» **Work instruction**
Omit every picture, then return each line of the data below exactly.

» **Raw data**

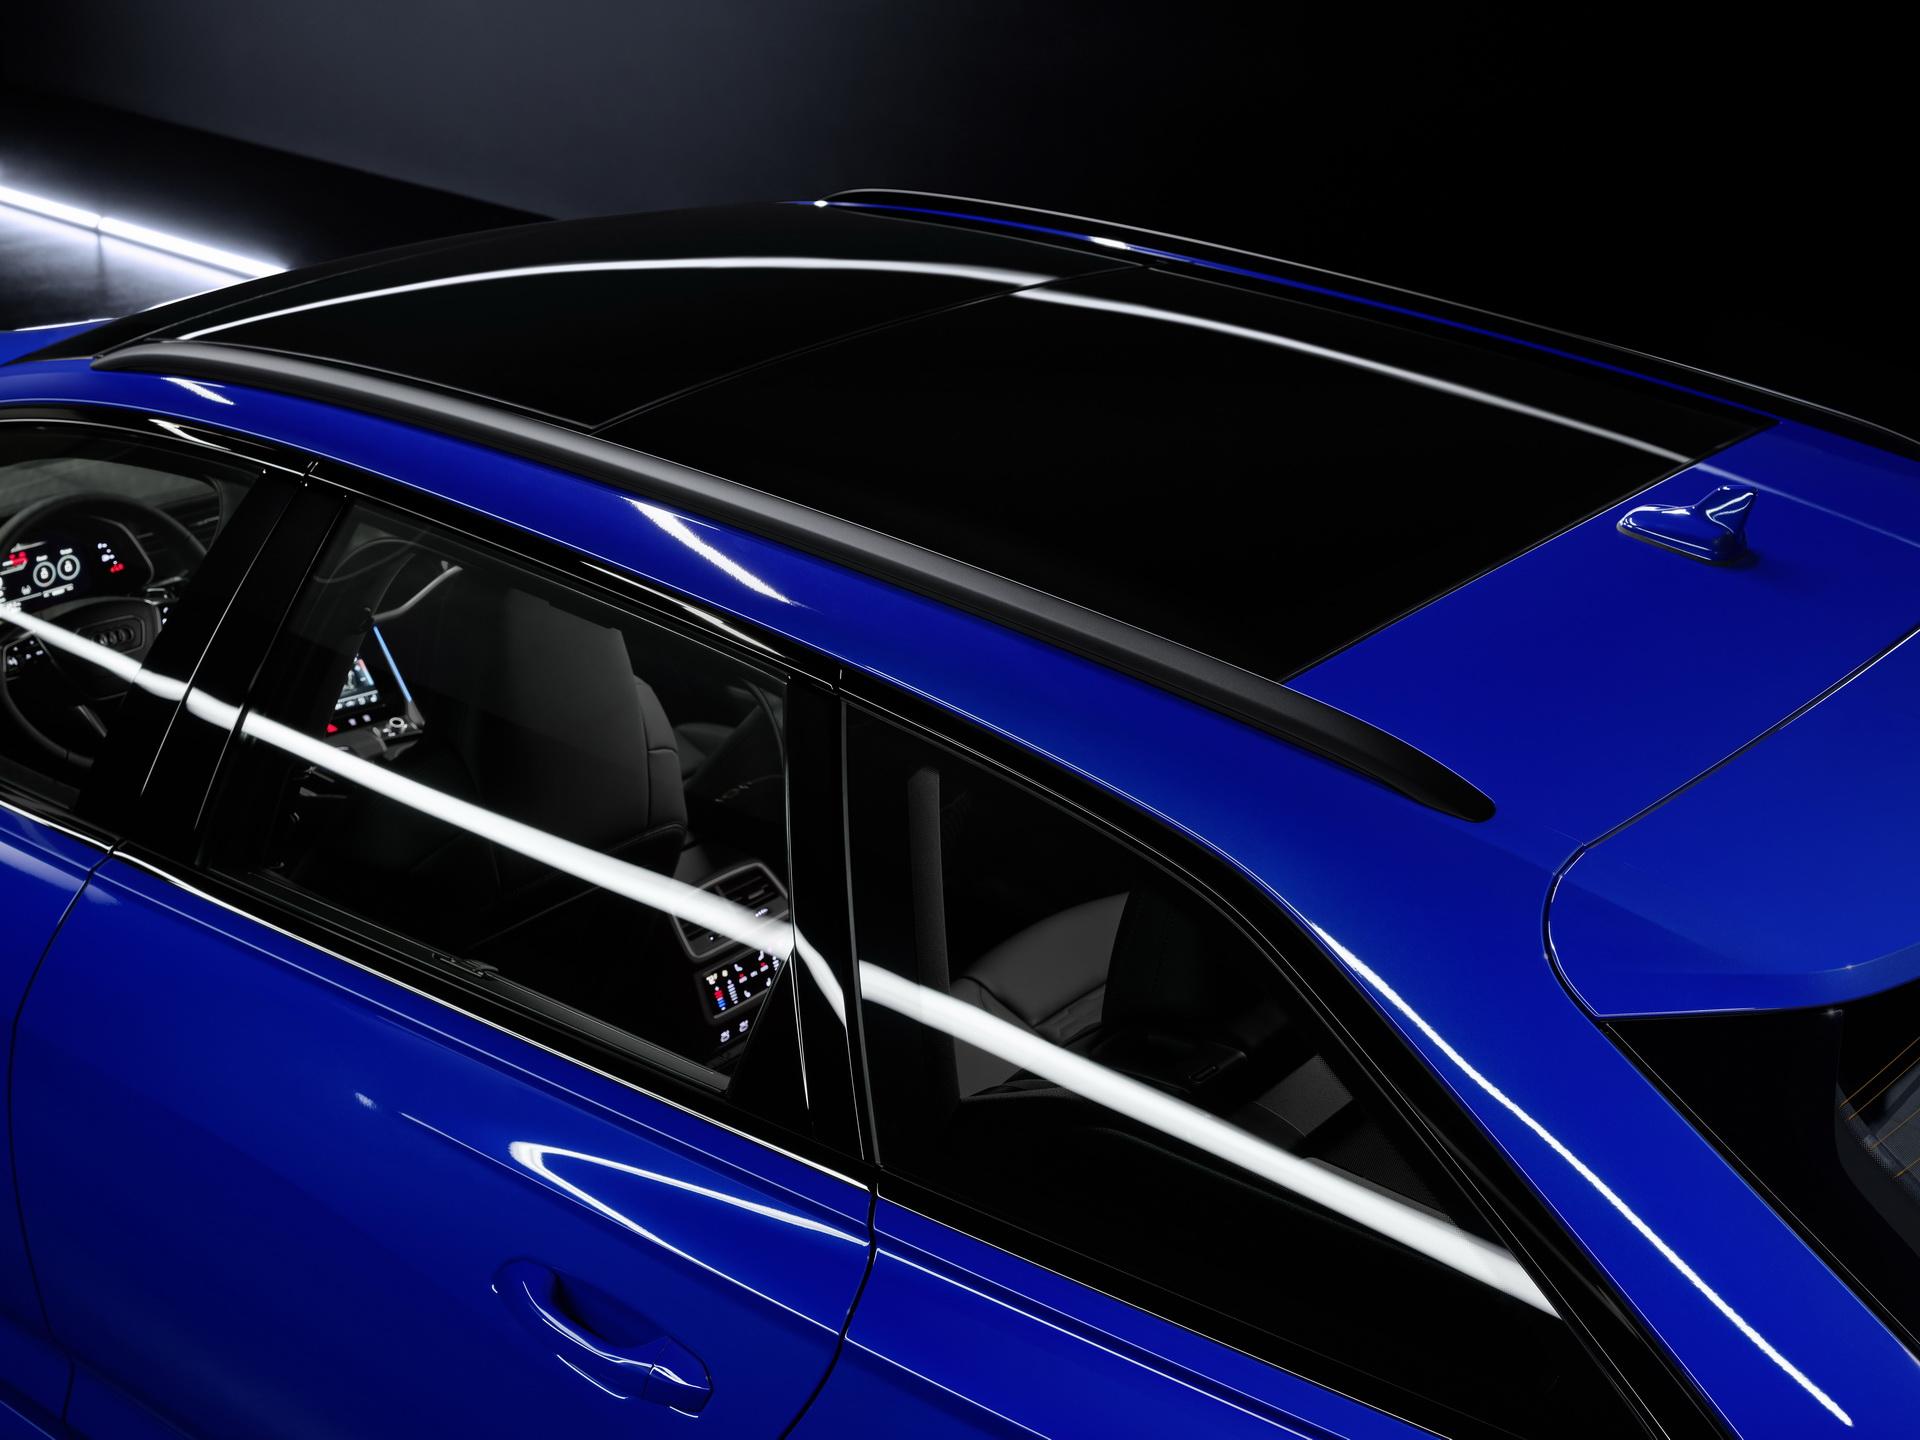 2021-Audi-RS6-Tribute-Edition-08.jpg
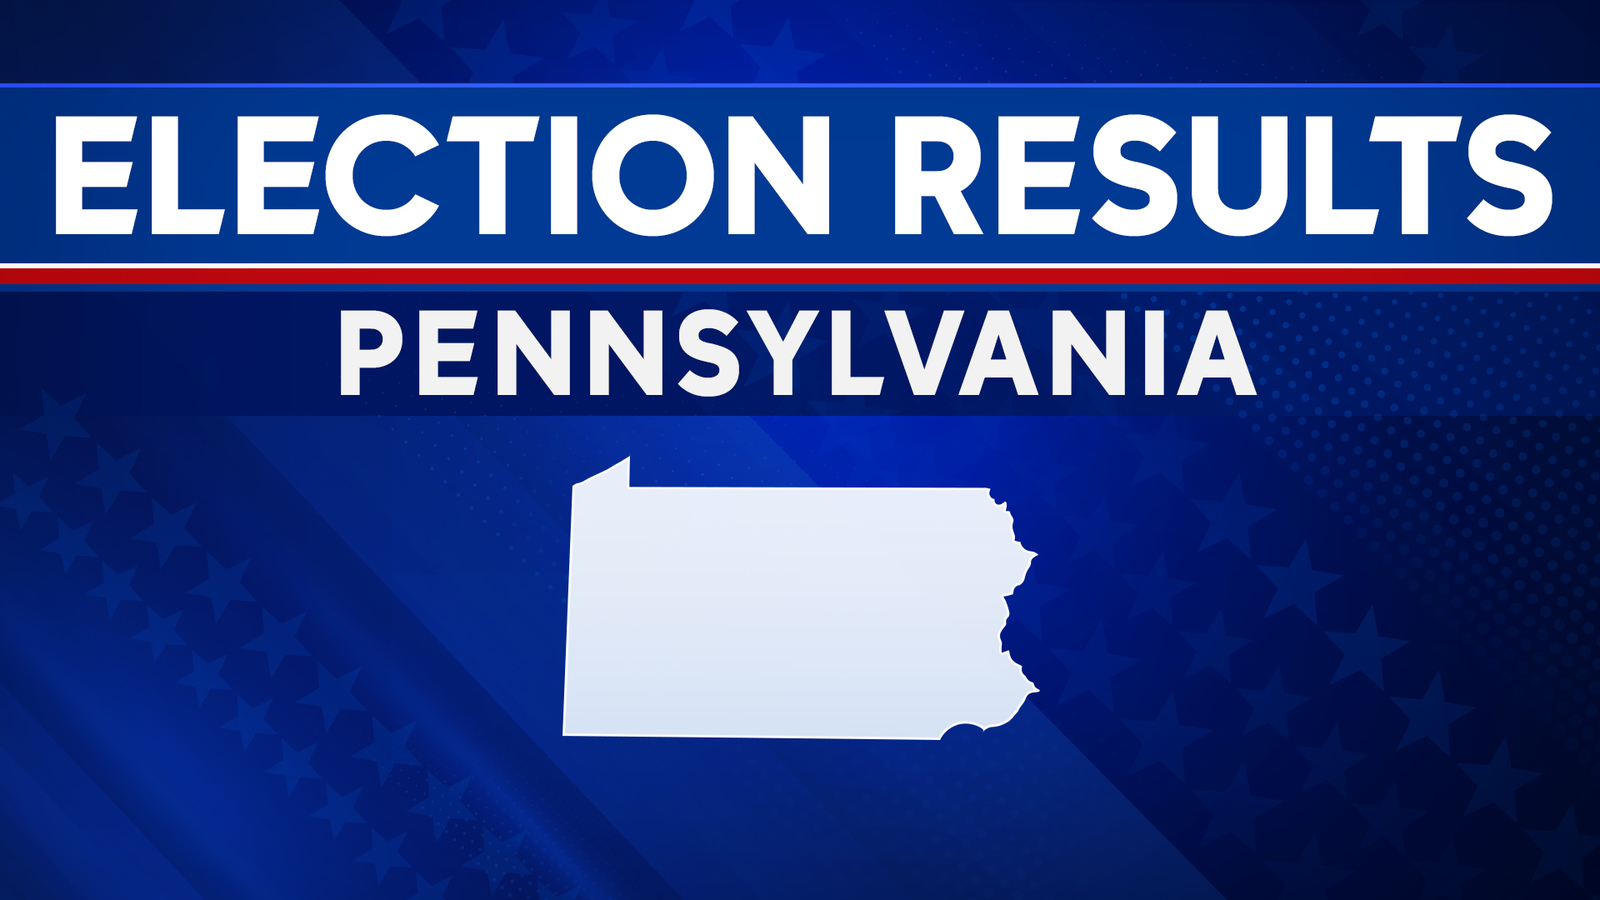 2020 Election Results: Eyes on Pennsylvania ballots in Trump, Biden presidential race
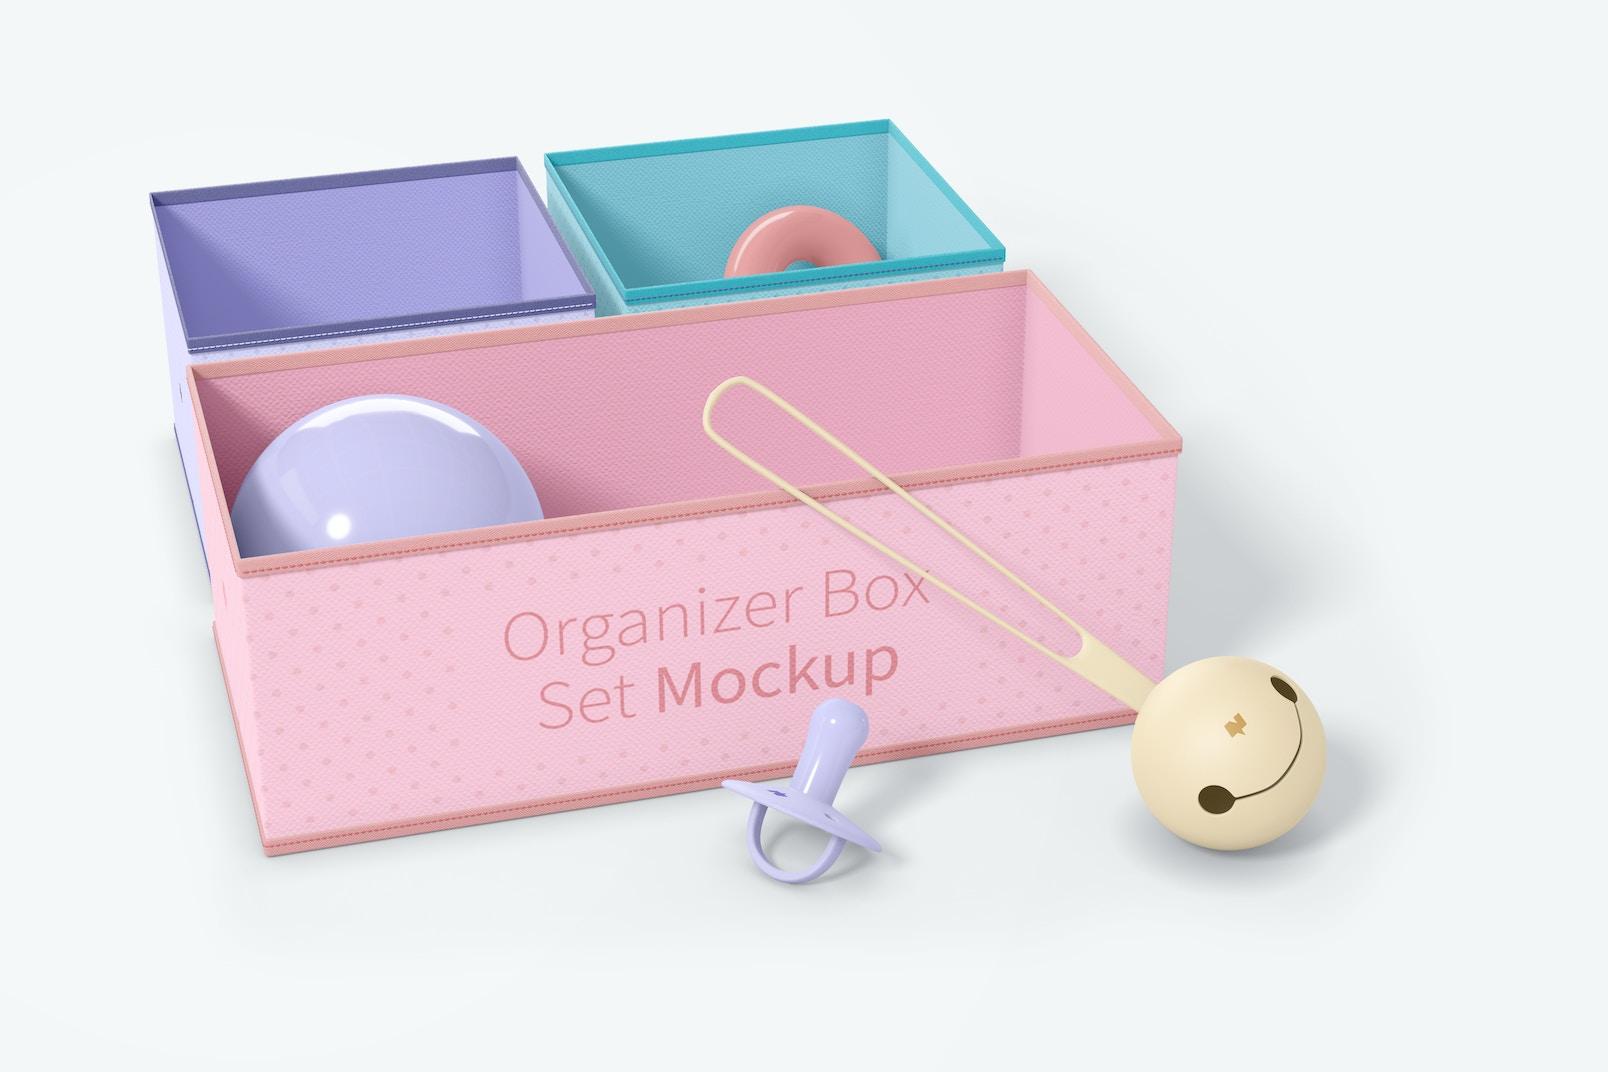 Fabric Organizer Box Set Mockup, Front View

» **Output below**
 2021-Audi-RS6-Tribute-Edition-08.jpg
 2020 Election Results: Eyes on Pennsylvania ballots in Trump, Biden presidential race
 Fabric Organizer Box Set Mockup, Front View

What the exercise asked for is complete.